Первое поражение у папеньки также имело медицинский характер: его вместе с остальными руководящими евреями выкинули с работы по «Делу врачей», которые зачем-то умертвили членов политбюро тт. Жданова и Щербакова по заданию американской разведки «Джойнт». То, что руководящие евреи из папашиного окружения были пациентами, а не врачами, рассматривалось как отягчающее обстоятельство.
И хотя меньше чем через полгода лучший друг всех оставшихся врачей и подшипниковцев, главный сценарист этого и других политических детективов сдох, как паршивая собака, запертый в бронированном чулане своего госпоместья, а дело уцелевших медработников-вредителей закрыли, папашу не восстановили на прежней должности главного инженера, а отправили искупать вину малой кровью — тоже главным инженером, но уже машинно-тракторной станции в село Галахово Екатериновского района Саратовской области.
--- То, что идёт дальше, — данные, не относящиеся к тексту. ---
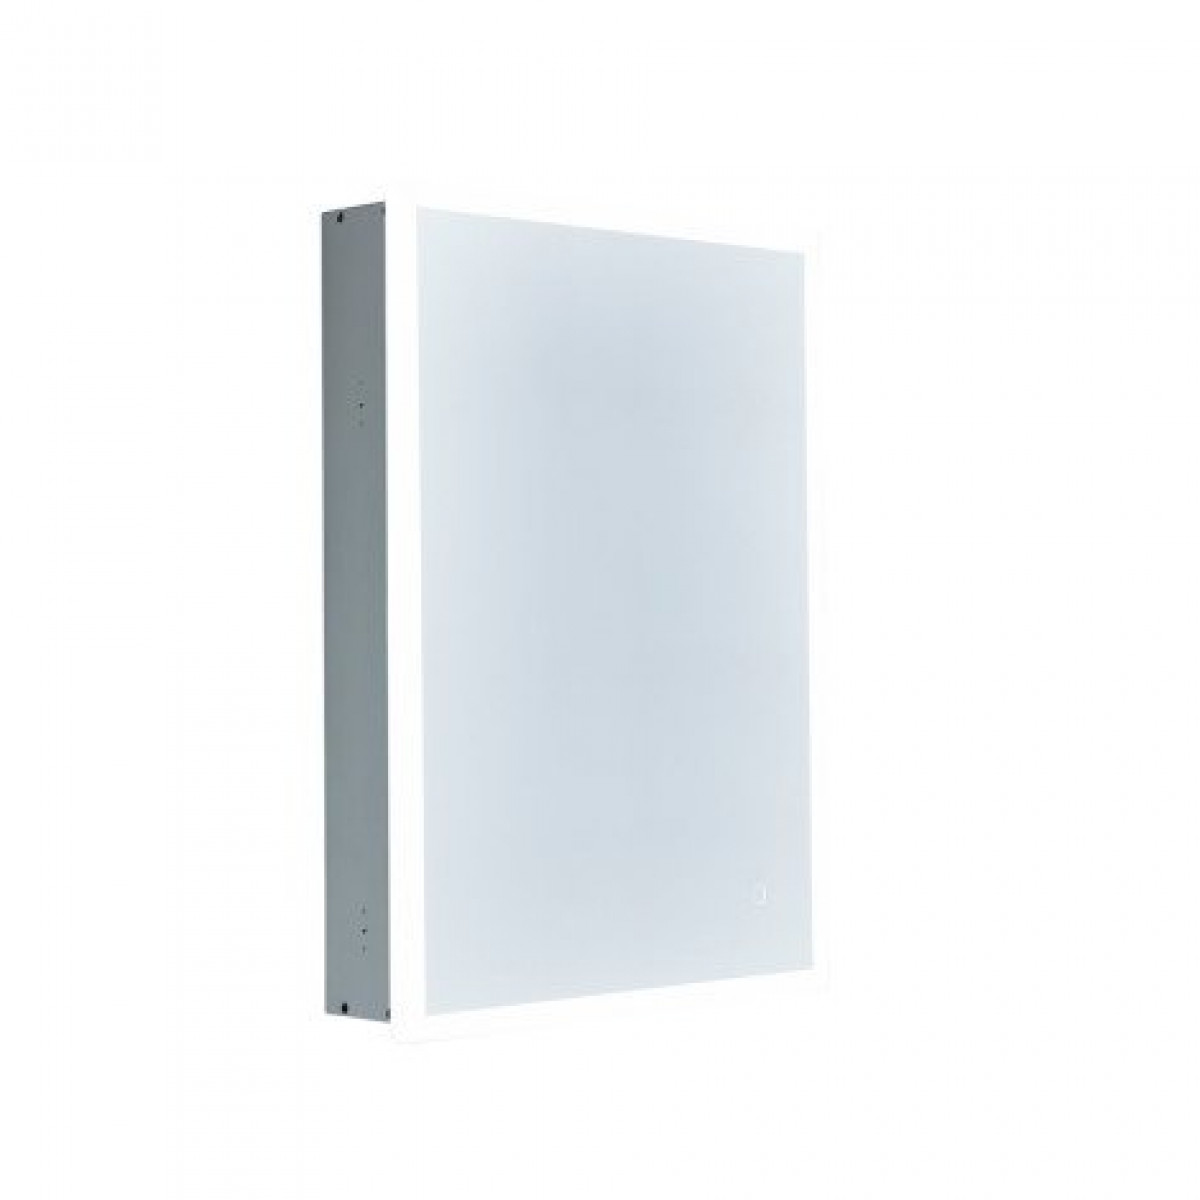 buy online ccf19 03298 Roper Rhodes Purpose Single Door 500mm LED Bathroom Cabinet

Остроумный папаша, что-то помнящий с допетлюровского детства об основах иудаизма, говорил, что теперь он Дважды Еврей Советского Союза — по паспорту и по Галахе («Галаха» — это жесточайшие законы, расписывающие всю жизнь религиозных евреев от рождения до смерти).
Но по жизни отец был атеистом и пьяницей-застолыциком, компании с которым не чурался никто. Иудей-дедушка пил, потому что был русским солдатом, а папаня имел на это другие и веские основания: во время очередного петлюровского погрома добросердечные хохлы-соседи окрестили голубоглазого отпрыска героя империалистической войны аж в самом Софийском соборе! Когда в Крыму дедушка узнал о папашином прозелитстве, то он еще раз перекрестил его — ремнем по заду. Но назад хода не было! Так что пьяницей крымский папа был нашим, коренным, православным!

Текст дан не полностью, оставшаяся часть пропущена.